New York City
You’ll have to be a bit more specific. China is a huge country. Parts of it are in the tropics and parts are fairly close to the arctic circle. There are deserts, Himalayan mountains, tropical coastlines, plains, and everything in between.
Much like here in the US, it depends on where you are geographically.
In the north I understand it can be pretty brutally cold. In the south it’s always warm/more temperate.
I was in Southern China (Hong Kong)in early November and it was beautiful every day. I was also there in June and…well it was just miserable with heat and humidity.
Not sure if that helps.
anders has it right, starryeyes, consider this – at its furthest points, you’d probably be flying 5 or 6 hours to get across the country. where i lived for the last year, in the northwest province of xinjiang, temperatures varied from -15C in winter (a mild winter, note they can get to -30C) to +35C in summer (again mild, could be more than +40C). shanghai would be about 40C in summer but over 90% humid which is horrible, in winter stays above zero mostly BUT still humid so it’s a very wet cold and quite miserable. same goes for beijing and probably a lot of the coast really! down south in hainan (a chinese island off the south of china) temp remains mostly the same all year (definitely above zero though, often in the “nicely warm” region of temperatures unlike the other places i mentioned) but there’s often flooding in the winter rains.
your best bet? – go online, search for your location’s average weather stats, using google, and use a few different websites’ results to collate an idea of what it will be like in your region / city.
Yep… ditto on other answers… it depends on where you go… North can be bitter cold, south can be hot.
Northeast China where I lived got down to -20 degrees (around that temp, the Celsius and Fahrenheit scales cross, so it’s the same on both scales). In Mongolia, I had a friend who spit and the spit froze before it hit the ground. That’s cold.

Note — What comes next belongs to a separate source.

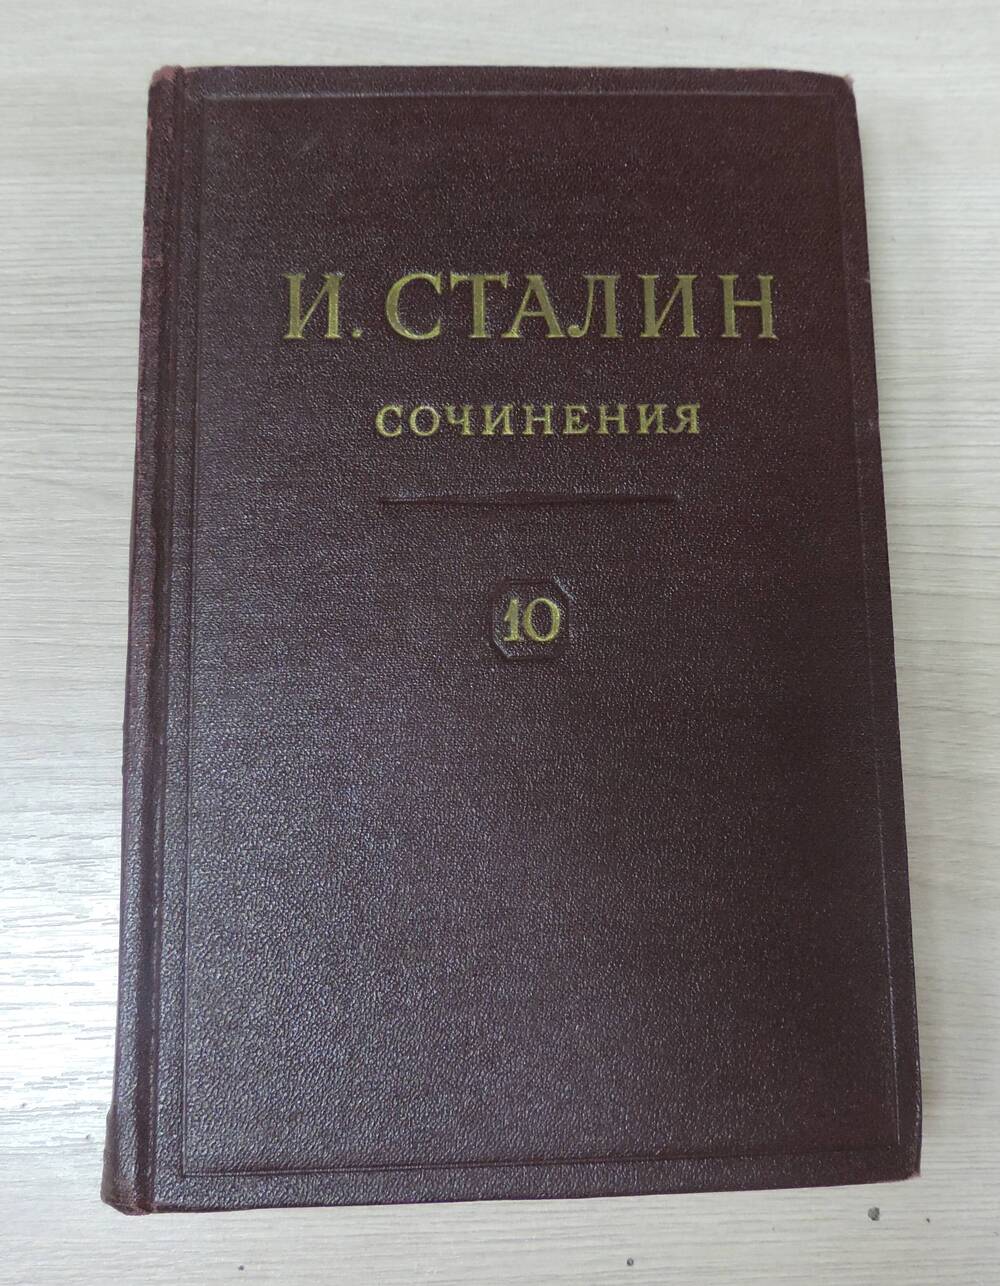 Книга И. Сталин. Сочинения Том 10.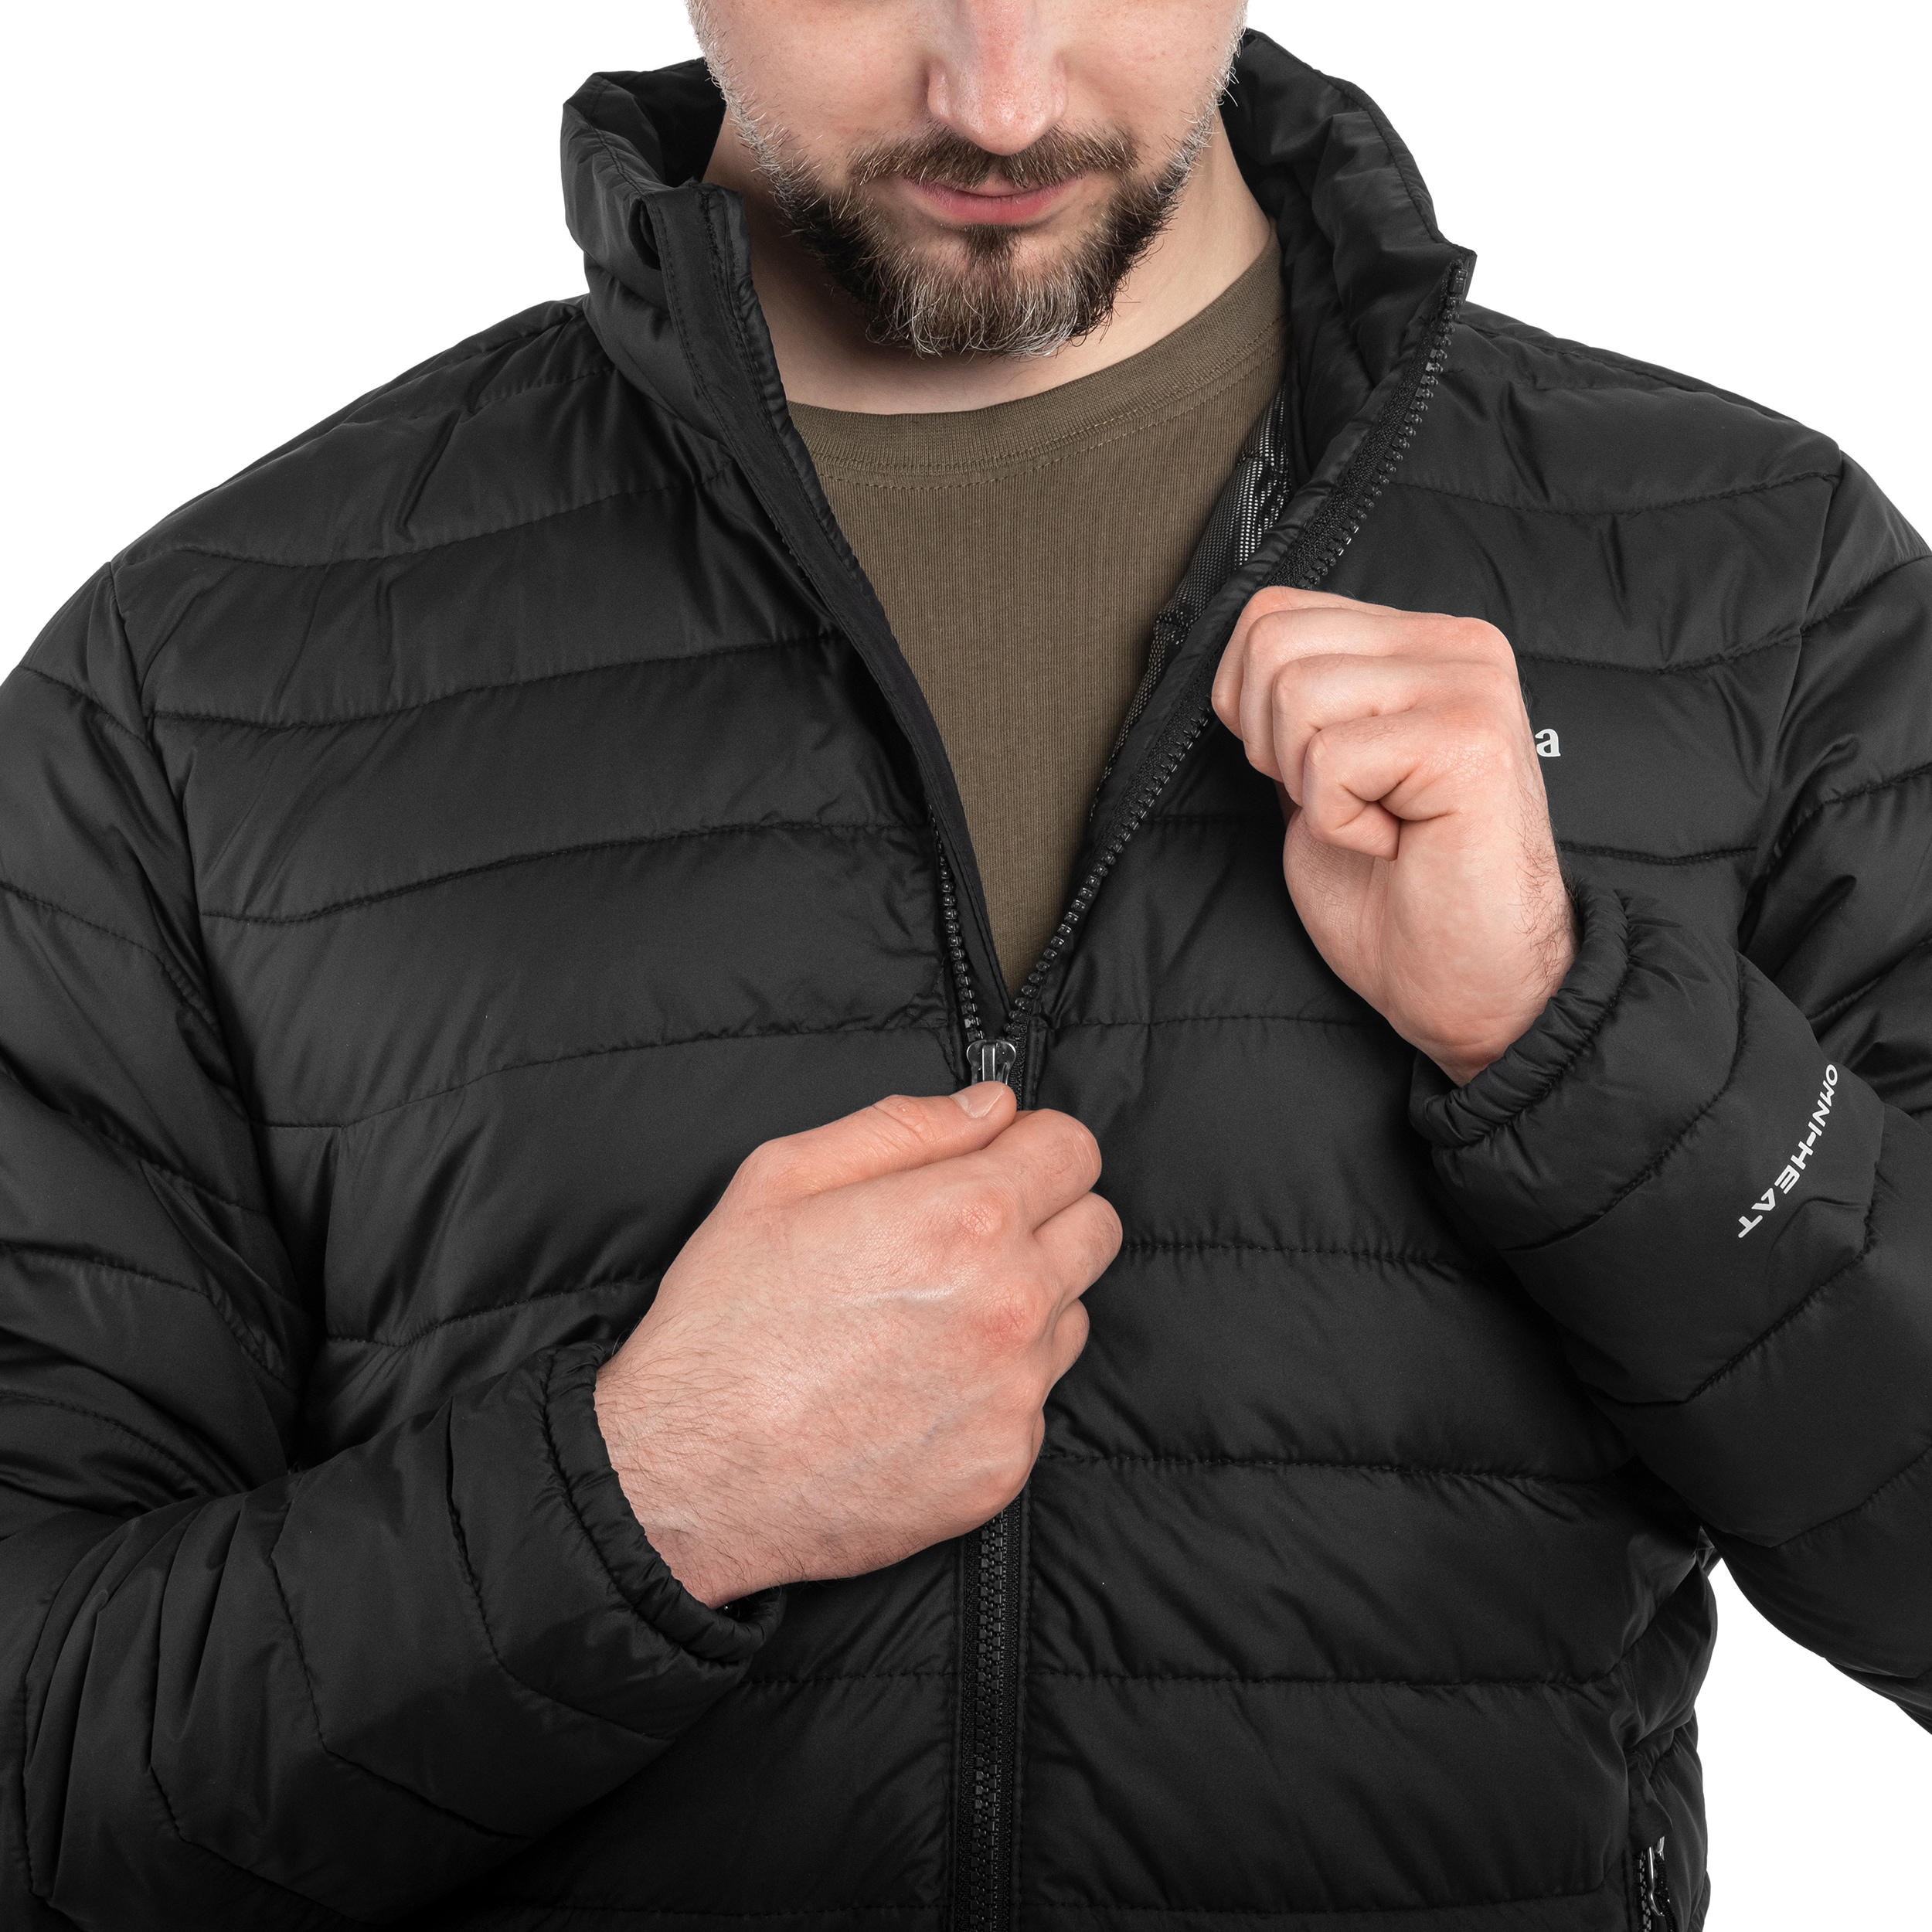 Куртка Columbia Powder Lite Jacket - Black

But further south, near Hong Kong or even in Shanghai it will be much warmer. What city are you going to?
Ditto big country ….
But without knowing where you’re going I’d still suggest take warm clothes it’s mild to strong winter but also you can buy whatever you need so just have clothes for when you land and till you can shop :)
yep, more details needed…lived in beijing and shanghai the last seven years and i can tell you that in both places, it’s freaking cold at that time of year…
beijing because of the wind (-20 with wind chill), and shanghai because of the lack of central heating in most buildings that aren’t five star hotels or residences, or A class office buildings…
all cities north of the yellow river have centralized municipal heating systems for buildings, while all cities south of the yellow river are considered to be in a warm climate and thus don’t have centralized heat…
in short, its freaking cold in the north if you go outdoors…and it’s freaking cold if you stay indoors in many places in central china…
I went to Hong Kong. It was humid. I am only 5’4" but I felt tall over there. When I was on the Star Ferry young children kept touching my bleached blonde (I was blonde back then) hair. I made a friend that was a bartender. She was amazed that I owned my own business and could walk the streets like I did. Now that I am older I am amazed that I did that myself. The “black market” is alive and well over there. There is nothing like youth to make you feel invincible. She lived in a two bedroom apartment with her 13 relatives. I was there once before they reverted back to China and once after they reverted back. The difference I noticed was the army walking the streets after they reverted to China and that the government was involved in everything. The thing I found interesting is that the “lease” was made with traditional China which was chased by communist china over to … I am drawing a blank now (is it Taiwan? It’s been so long ago… Shouldn’t have Hong Kong gone back to them? They are the ones who made the lease.) The thing I remember the most was that as a woman in business I used to bitch and moan about how hard it was for women to do business in America because it was such a man’s world. When I got back from Hong Kong, where the man I was doing business with had his wife bring his mistress to the airport to join him on the business trip he was on with me, and that the women I ran into could not believe that I owned my own business, I kissed the ground I landed on and gave thanks that I was an American and had the right to make a living as I saw fit for my family. It is my prayer that my children (boys and girls) get to experience the same rights that I did. After reading the new health bill (everyone should do that before they vote on it)I am worried that the government will have more to say about that then they will.
If you’re going in the winter, check for timing on the Harbin Ice Festival. It’s a trek from Beijing but something you’ll have to see with your own eyes to believe.